Footwear retailers began the year on the right foot.
FDRA reported that U.S. Shoe stores hit nearly $3 billion in sales in January—a near-record that could hint to a positive year ahead. Spending on footwear reached a seasonally-adjusted, annualized $77.3 billion in January, up 2.2% year-over-year.
Sales slowed in February.
The cost of men’s footwear took a surprising dip in February, down 1.5%. FDRA’s latest U.S. Retail Footwear Price report showed women’s footwear prices were also down.

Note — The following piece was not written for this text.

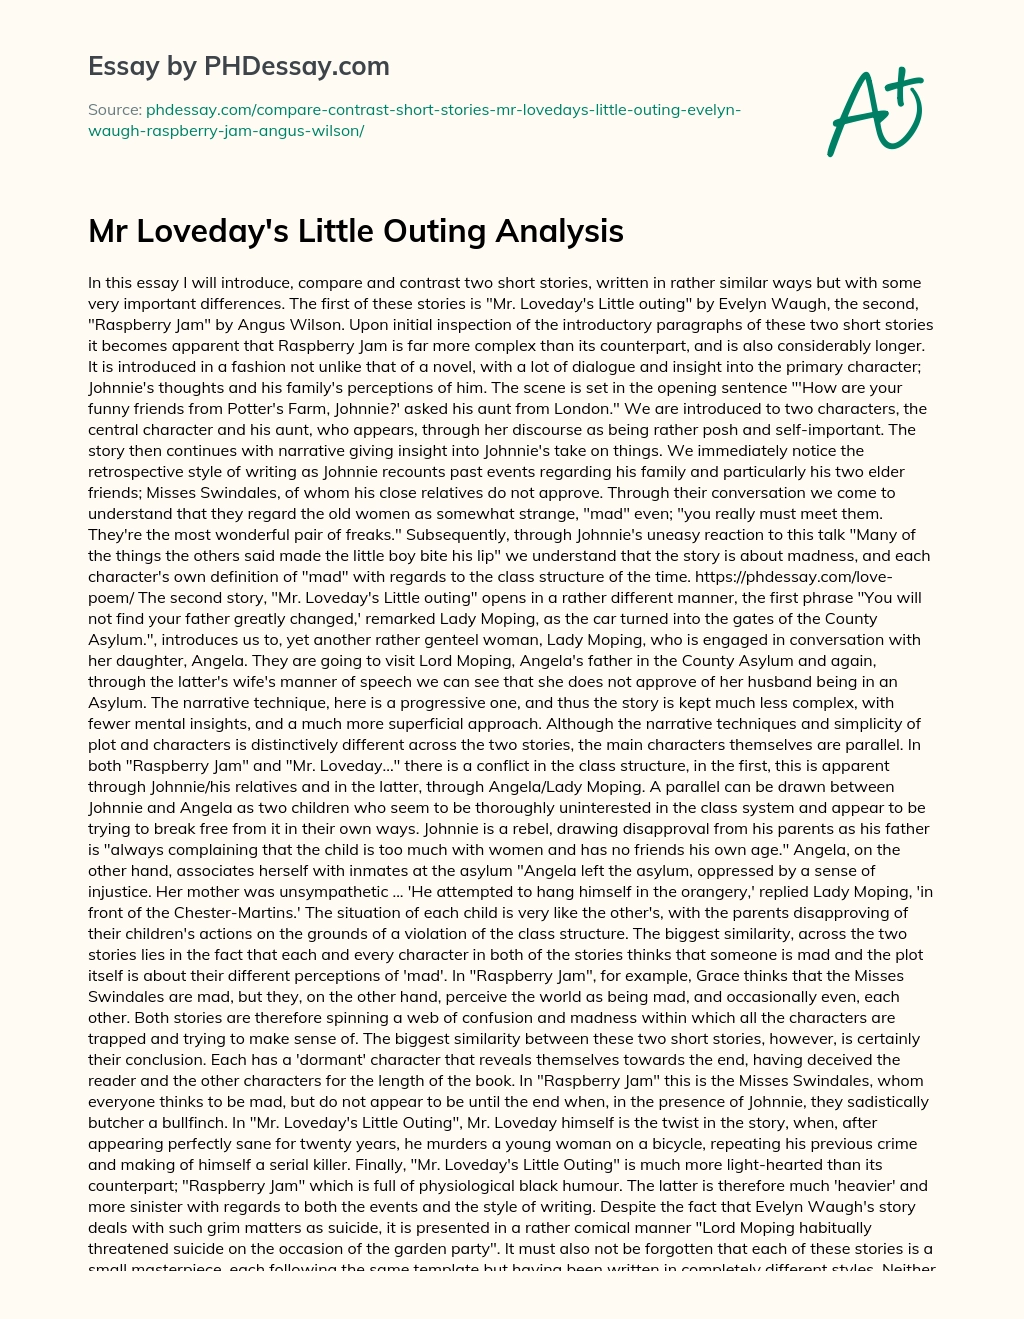 Mr Loveday’s Little Outing Analysis essay
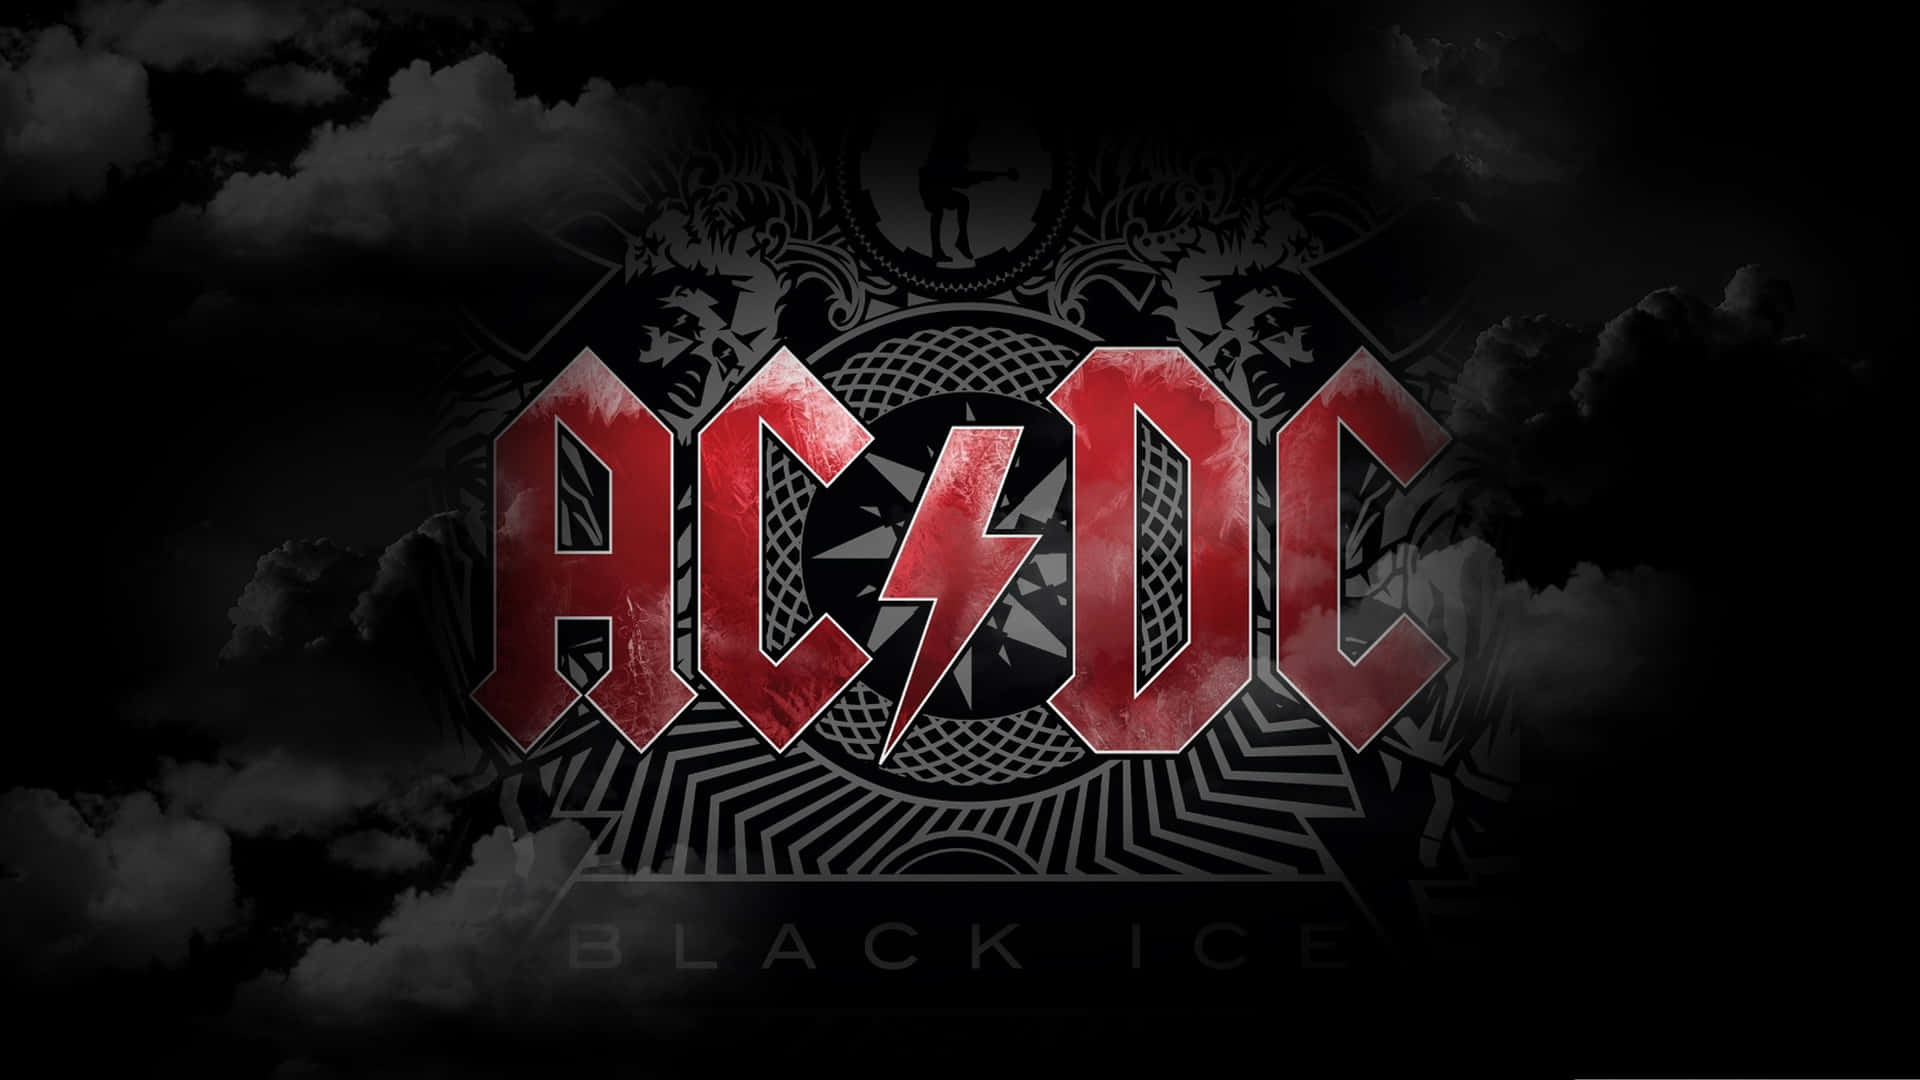 Rock Out With The Legends Of Ac/dc

Hourly employees are earning more.
Store wages are increasing quickly, meaning retailers must grapple with tighter margins. FDRA’s recent Shoe Store Employment Recap showed that average hourly earnings in footwear stores increased 5.8% year-over-year. The increase was the fastest in over a year, outpacing hourly earnings in all other key retail sectors in the past month.
Footwear duties are increasing, too.
Footwear imports increased 5.5% in January and footwear duties increased at an even higher rate. The FDRA estimates the footwear industry’s duty bill in 2017 is going to be just shy of $3 billion.
Watch oil and cotton prices.
The fluctuating costs of materials balance one another out. FDRA said oil prices are on the decline, resulting in lower prices for synthetics and rubber. However, the price of cotton is increasing, hitting a new 32 month high.